An officer, who looked no older than Ben (twenty-six), shouted something with such venom that I could barely make out what he said. My heart flew into my throat. The pounding in my ears obliterated all sounds but my internal panic. Fear had robbed me of my voice and ability to hear, but I could still see. I saw my brother trembling as he tenuously stood next to me.
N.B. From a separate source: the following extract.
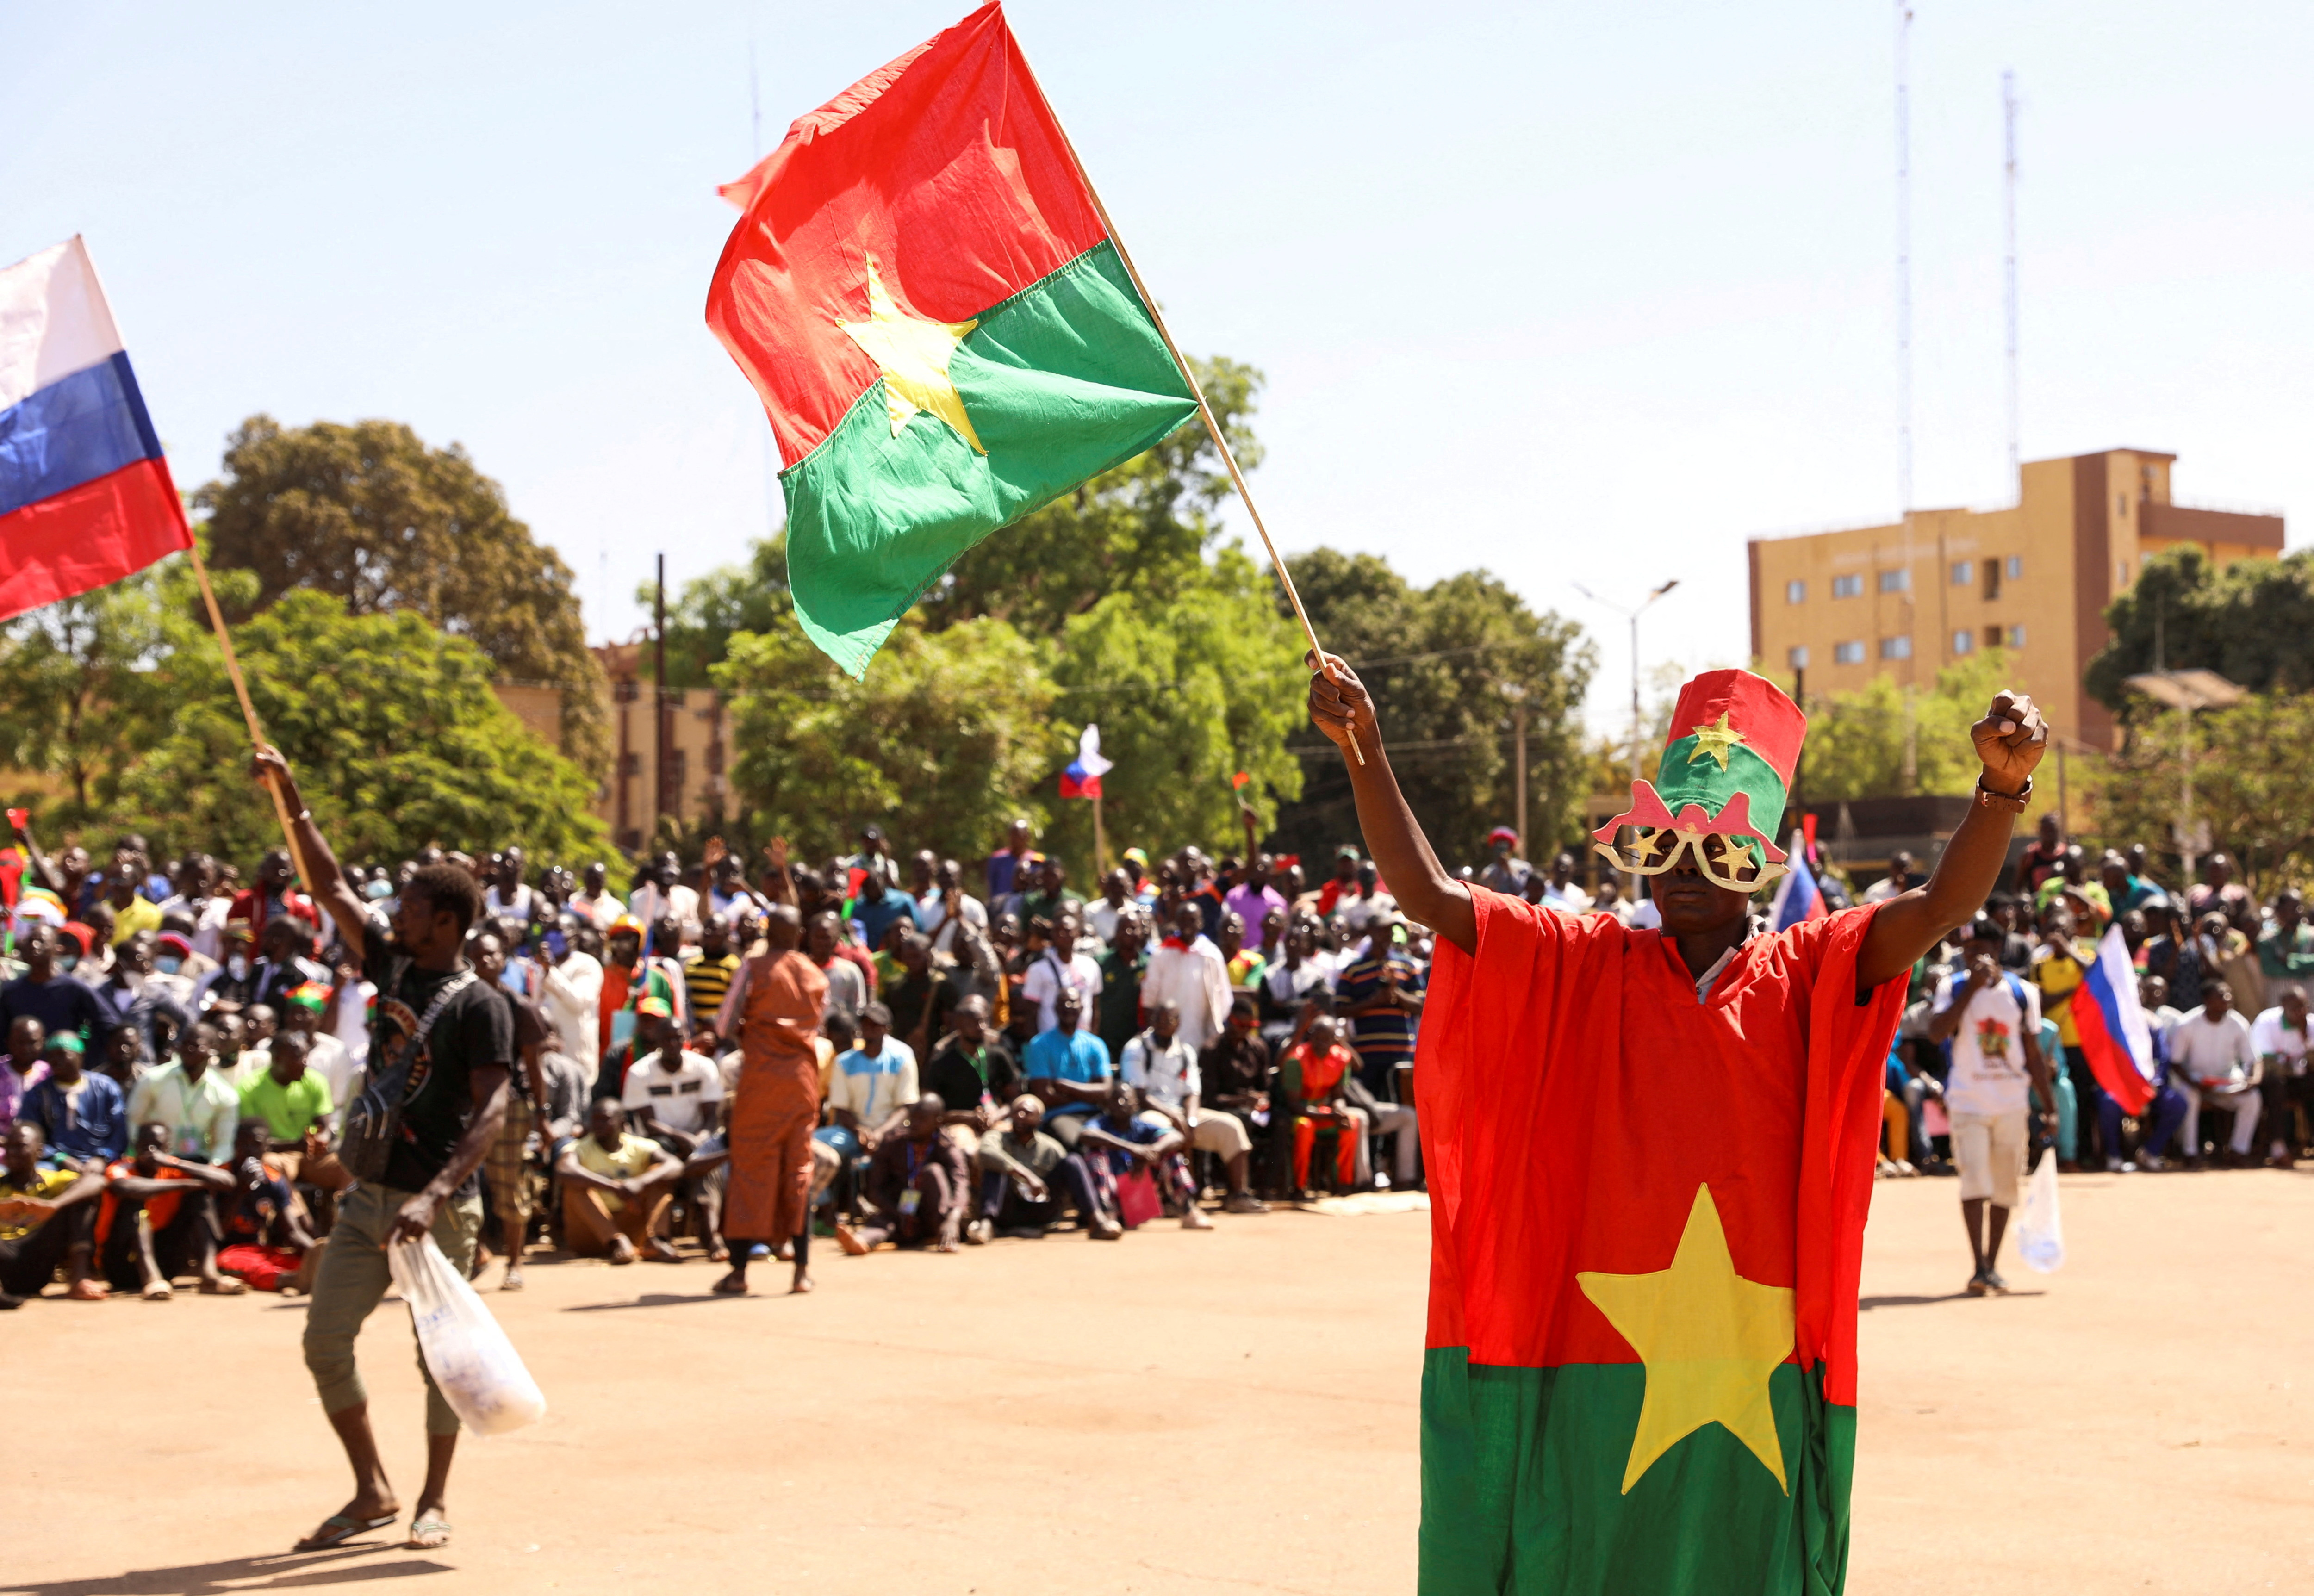 Η στρατιωτική χούντα της Μπουρκίνα Φάσο λέει ότι απέτρεψε μια απόπειρα πραξικοπήματος

The ominous, obese officer swiped the crop across his thigh in a threatening gesture. “Fie! So, we have found another pigsty,” he smirked and swaggered toward me. His breath upon my face smelled of peppermint schnapps. “You are little for a swine.” He moved the butt end of the whip across my face and down into the opening of my coat. Spreading the lapel, his hand slid lower on the rod, close to my left breast. With his other hand, he put his pistol in the holster on his leather belt. Bringing that hand up more deftly than I imagined such a fat man could, he slapped me across my cheek with such force that he knocked me into Ben. Ben’s body tensed against mine. I could tell that my big brother wanted to protect me. Fearing he would lash out and get himself killed, I quietly squeezed his arm and searched his eyes in a silent plea for him to stay calm. “A smart Jew…” The fat officer turned to his subordinates—their weapons pointed—and continued, “She knows not to open that slovenly mouth of hers.”
The group of sycophants signaled agreement with their laughs. “Yeah, yeah,” came their imbecilic responses.
I wanted to confiscate one of their guns and shoot all of them through their hearts. I wanted warm bullets to find their frigid, calculating, stone-hard souls.
The commander spoke
in a low, even tone when he said, “Today is your lucky day. You are being transferred out of this pigsty.” His words, and the way he spoke them, sounded hopeful, but this ogre didn’t seem capable of anything but malevolence. Then, as if by some dastardly design, he read my mind and replied, “You are going to one of our relocation camps.”
The word camp sent me into a silent panic. Ben’s wide-eyed look made me feel sick to my stomach. I couldn’t get enough air to fill my lungs because my breaths were so shallow. When I started to hyperventilate, one of the SS who looked too much like Max grabbed me under my arms and dragged me up the stairs. The front of my legs hit each riser so that they were aching and bloody when he finally released me outside. After a few steps that felt like moving through quicksand, I fell once again. As the younger SS cursed several foul-sounding words under his breath, he yanked my arms and dragged me. My feet dangled behind like a swimmer trying to stay afloat as I desperately tried to stand on them and walk while being manhandled. With snow and dirt stuck to my legs, he threw me in the back of a bread truck the Nazis had converted to haul prisoners.
Ben was marched out of the farmhouse with rifles held to his back. He was able to walk. Barely. Droplets of sweat froze on his forehead when he reached the cold outside air. His bulging eyes were as wide as oceans. I ached at the sight of his terrified defenselessness. They shoved him into the truck and slammed the door. Helping me to my feet, Ben whispered, “Are you all right?”